The writ of habeas corpus dates to the Magna Carta, and was enshrined by the
Founders in our Constitution. The Administration's attack on habeas corpus rights is
dangerous and wrong. America needs a President who will not triangulate this issue.
We need a President who will restore the rule of law, demonstrate our commitment
to human rights, and repair our reputation in the world community. Based on our
work with him, we are convinced that Senator Obama can do this because he truly
feels these issues "in his bones."
We urge you to support Senator Obama.
Among the signers of that January 28 letter were: Rear Admiral John Dudley Hutson,
U.S. Navy (Ret.), the Judge Advocate General of the Navy from 1997 to 2000 who
currently serves as dean and president of Franklin Pierce Law Center; Rear Admiral
Donald J. Guter, U.S. Navy (Ret.), the Judge Advocate General of the Navy from 2000
to 2002 who currently serves as dean of Duquesne Law School; Michael Ratner, the
president of the Center for Constitutional Rights; and Edwin Chemerinsky, the
renowned constitutional law and federal civil procedure scholar and founding dean of
the Donald Bren School of Law at the University of California, Irvine.

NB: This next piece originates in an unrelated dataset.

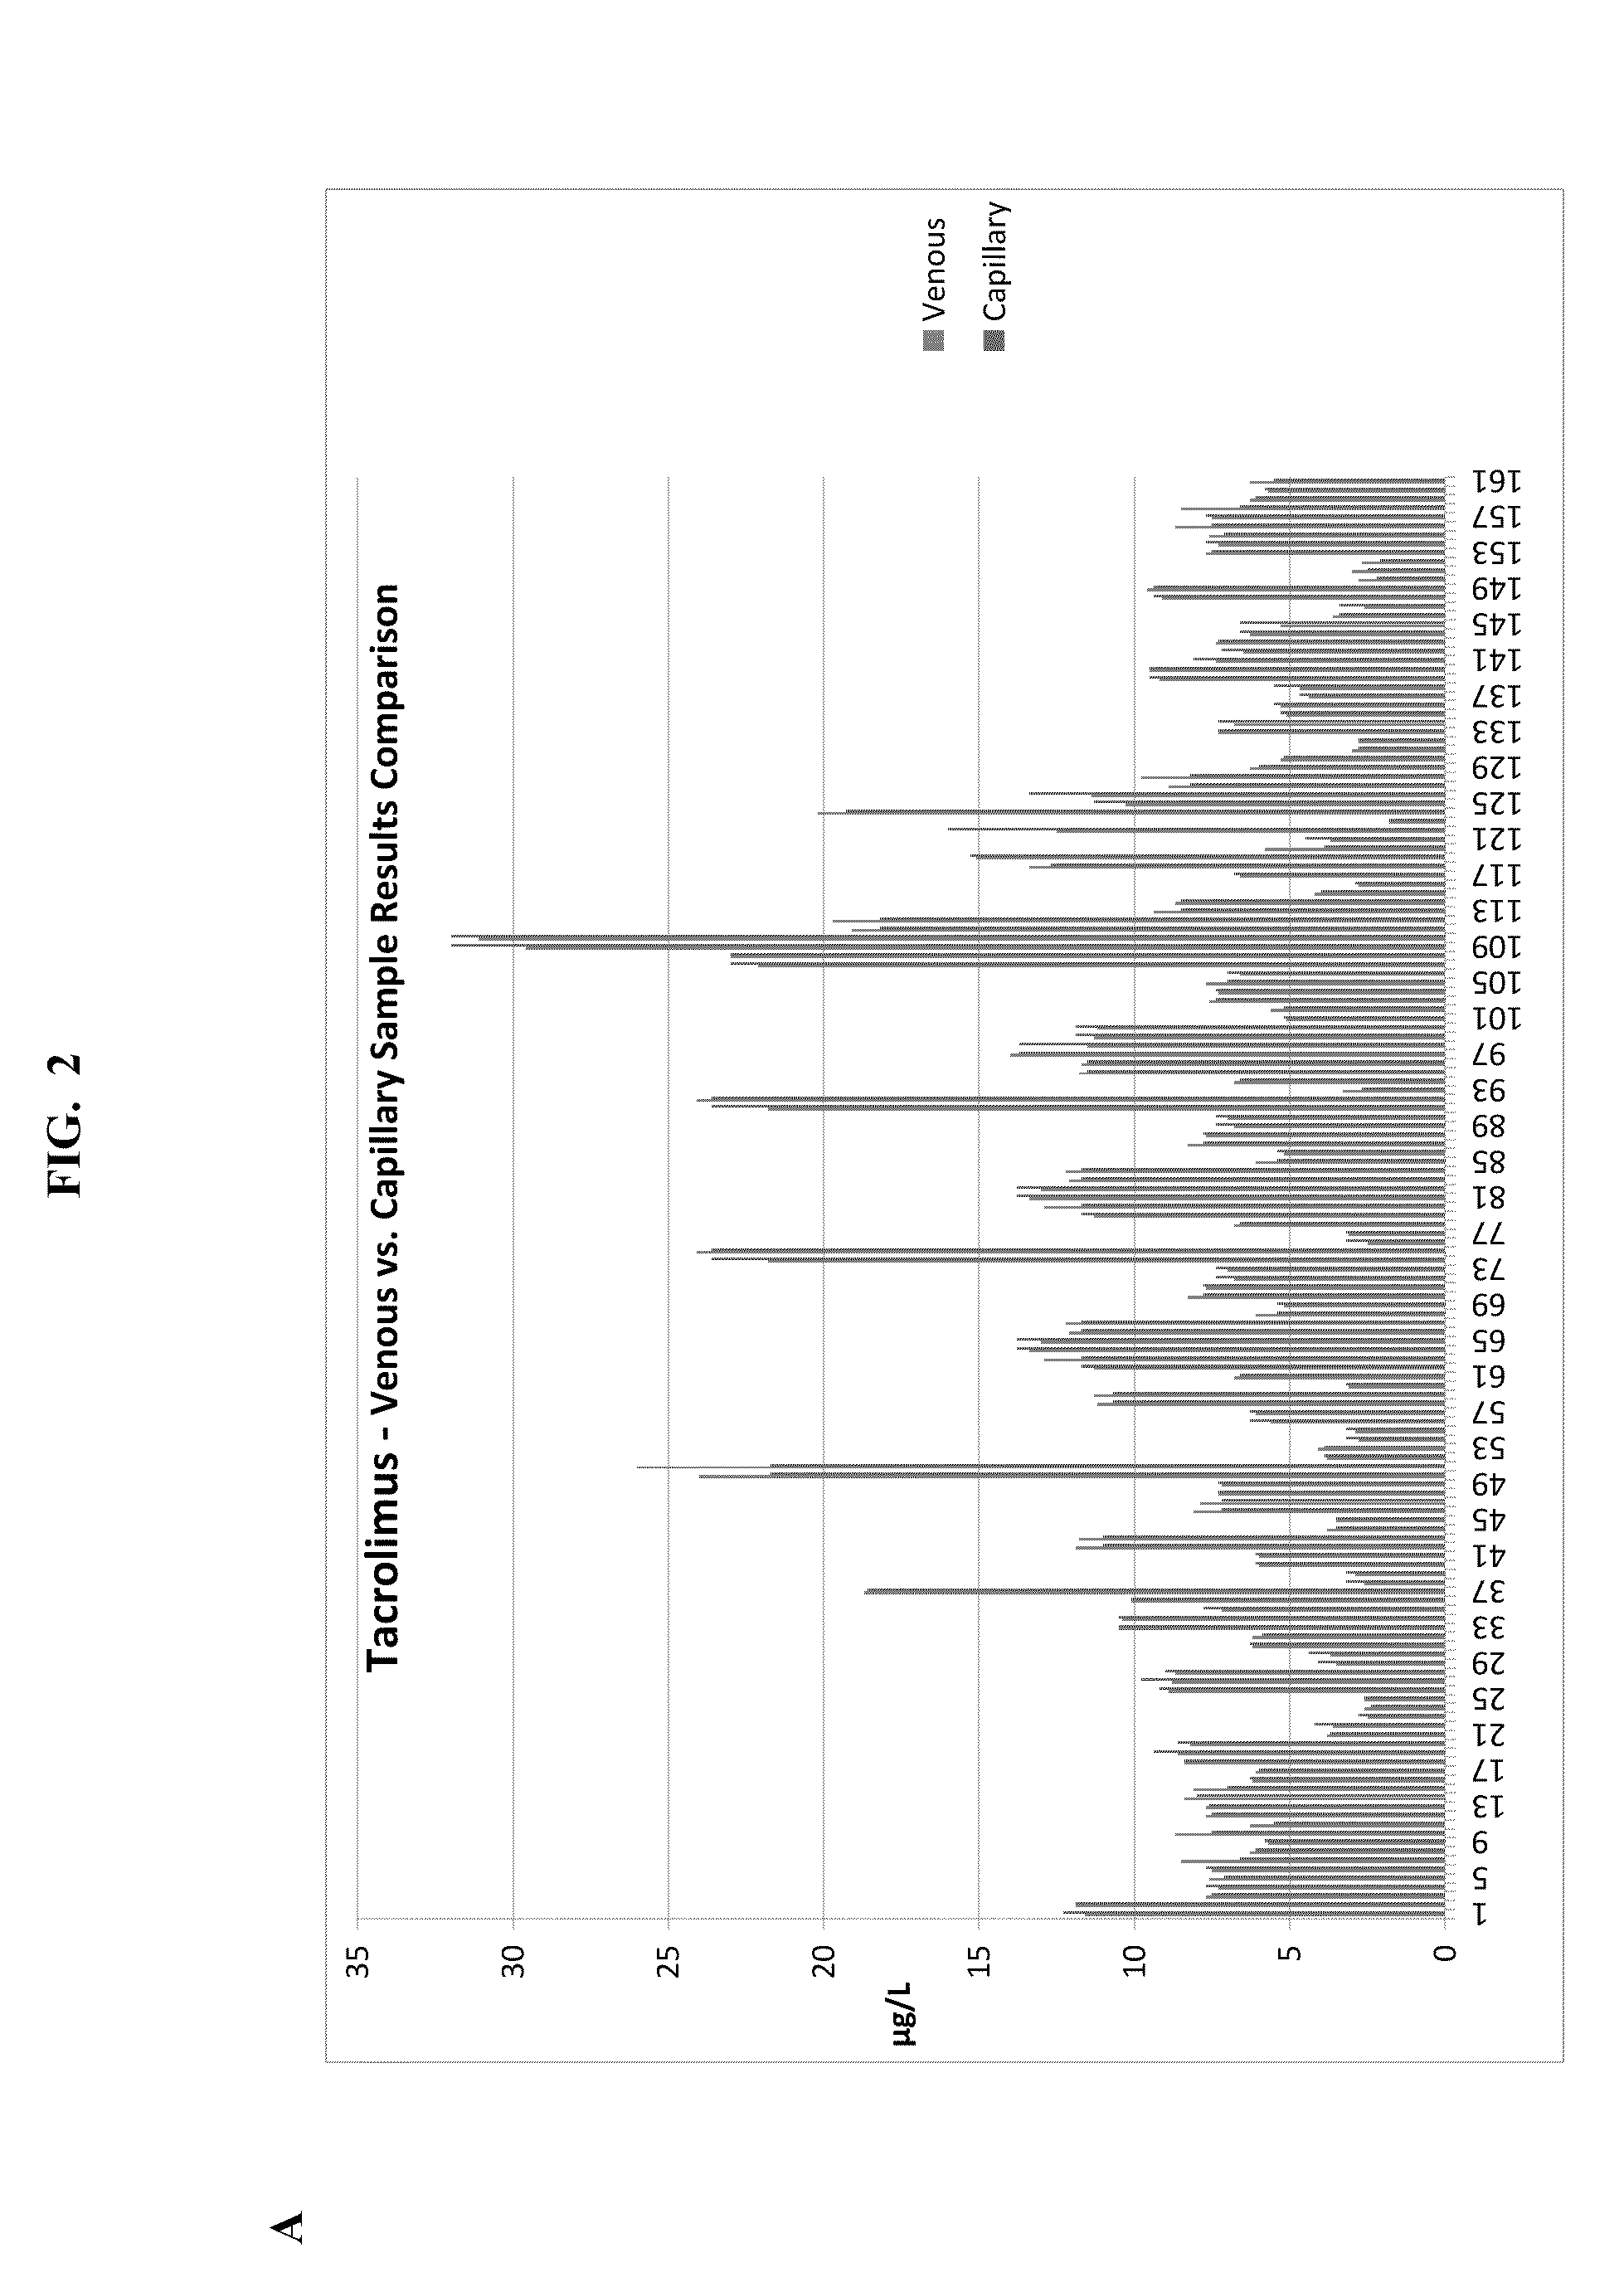 Methods for Monitoring Immunosuppressant Drug Levels, Renal Function, and Hepatic Function Using Small Volume Samples
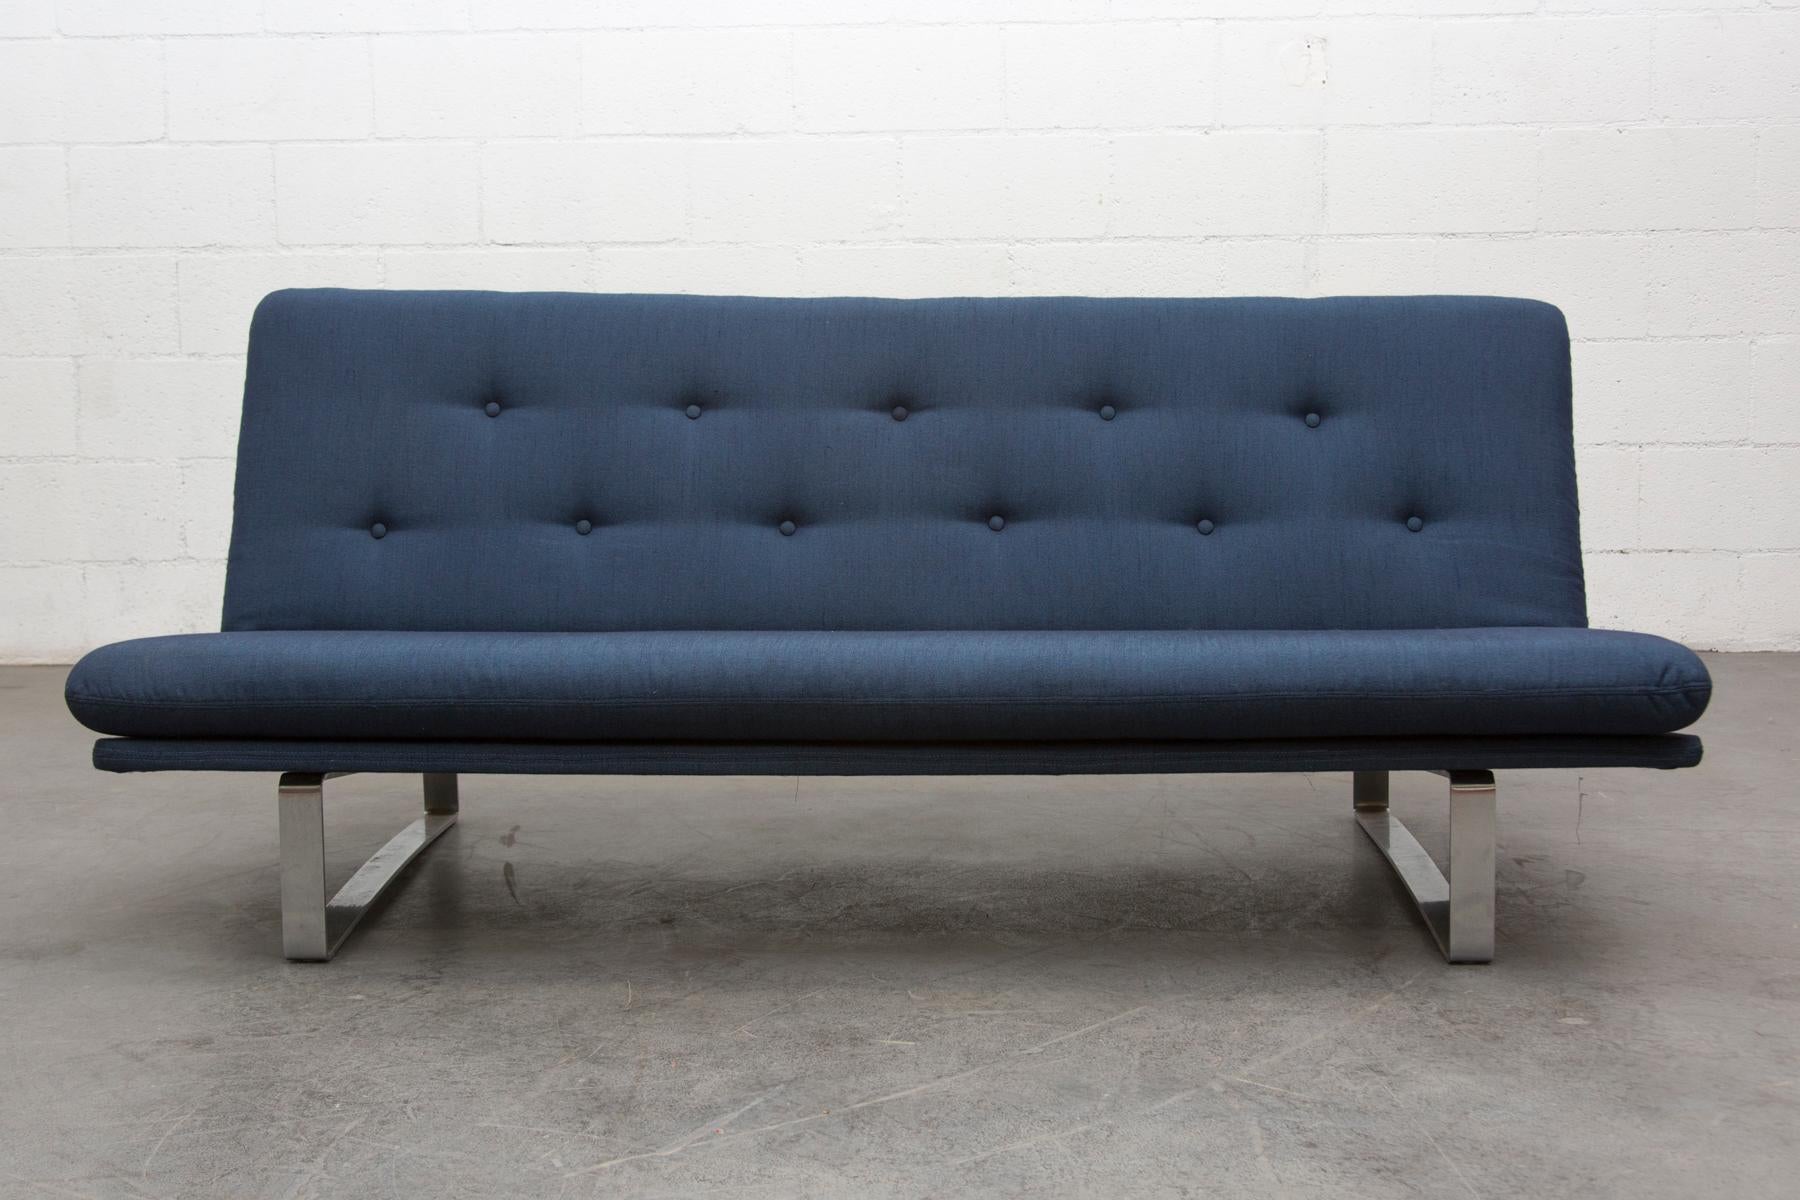 1968 Design by Kho Liang Ie with chrome frame and new indigo blue upholstery with tufted back. Frame in original condition with wear consistent with its age and usage. Other models and colors available and listed separately (LU922412084051,

Of course, Justice Kennedy, a Ronald Reagan appointee, will not be signing the
"Habeas Lawyers for Obama" letter. Nor will the other Republican appointees
(Justices John Paul Stevens and David Souter) who formed the majority of the court's
pro-habeas majority that also included Democratic appointees Ruth Bader Ginsburg
and Stephen Breyer. But the justices have made it clear that Obama, a lawyer who
has taught constititional law at the University of Chicago Law School, was right in his
judgement that -- to, again, quote Kennedy -- "(the framers) deemed the writ (of
habeas corpus) to be an essential mechanism in the separation-of-powers scheme."